Su vida era siempre un gol en el descuento. Un permanente acto de locura como subir a rematar un corner con el portero. Hablo de echar un pulso al día hasta caer desfallecido en la cama. De no rendirse nunca. De rebañar el plato, aprovechar la última gota de la botella de vino y Carpe that fucking Diem. De como cuando eras niño y sorbías como un chupóptero las últimas gotas de tu batido.  De cuando no pensabas nunca en el mañana. De cuando leías con la linterna debajo de la cama cómics de Asterix y Tintín hasta que se te cerraban los párpados. De cuando te revolvías como gato panza arriba para no irte a dormir.

Siempre me recordó al personaje de un cuento de Hemingway que decía: Yo soy uno de los que les gusta estar en los cafés hasta que cierran. Con los que nunca se van a dormir. Con los que necesitan una luz por la noche.

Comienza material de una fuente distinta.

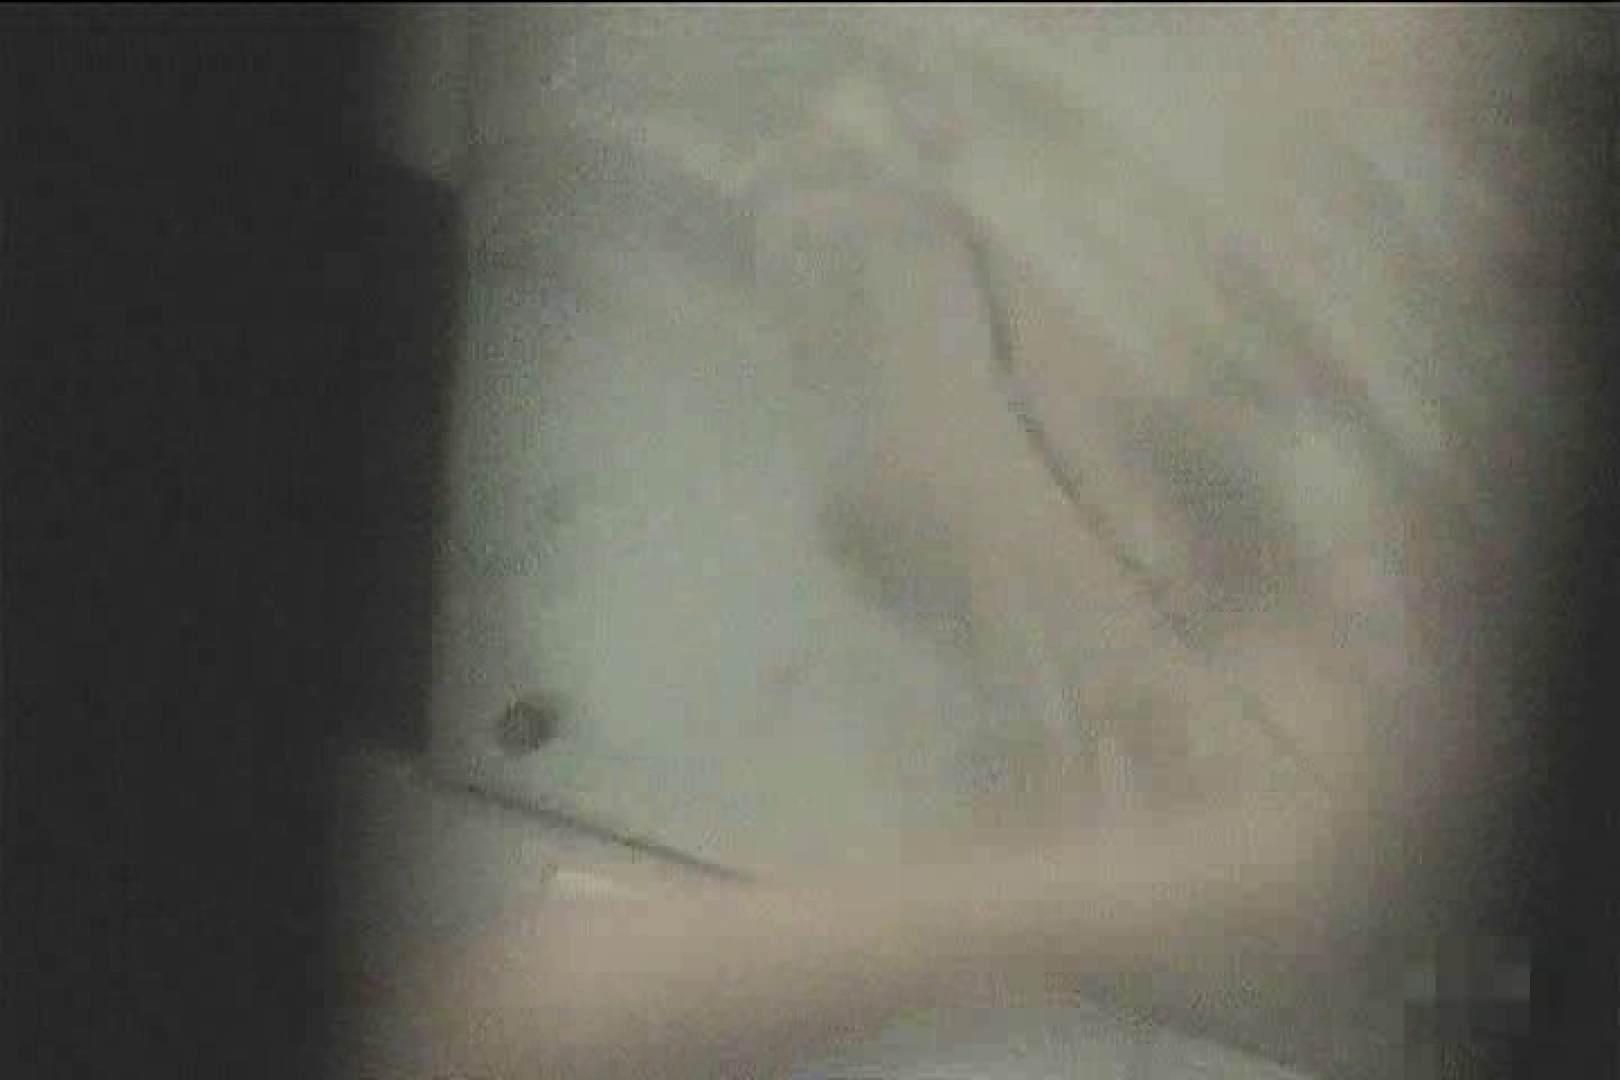 激撮ストーカー記録あなたのお宅拝見しますVol.11 オナニーDEエッチ オマンコ動画キャプチャ 78PIX 18

Mafalda siempre se reía con los cosas que le escribía. Se reía fuerte y se le marcaban los músculos del cuello y parecía que en cualquier momento iba a entrar en autocombustión.

Tienes que escribir, escribir y escribir. Y cuando te canses, escribe más. Y escribe. Y escribe. Y escribe. Nunca lo dejes.
Porque lo más importante en esta vida es encontrar lo que te gusta.

Y entonces, dejar que te mate.

Perdí la pista a Mafalda. No sé en qué andará metido.

En una ocasión leí que la gente que más te ayuda es la que entra y sale de tu vida, como un fantasma. Como Mafalda.

En estos días de invierno disfrazados de primavera, en los que uno puede escuchar la lluvia cayendo en el corazón, me acuerdo de "Rain in my heart" de Sinatra.



Y pienso en Mafalda. Y pienso si sigue dejándose matar por aquello que le gusta.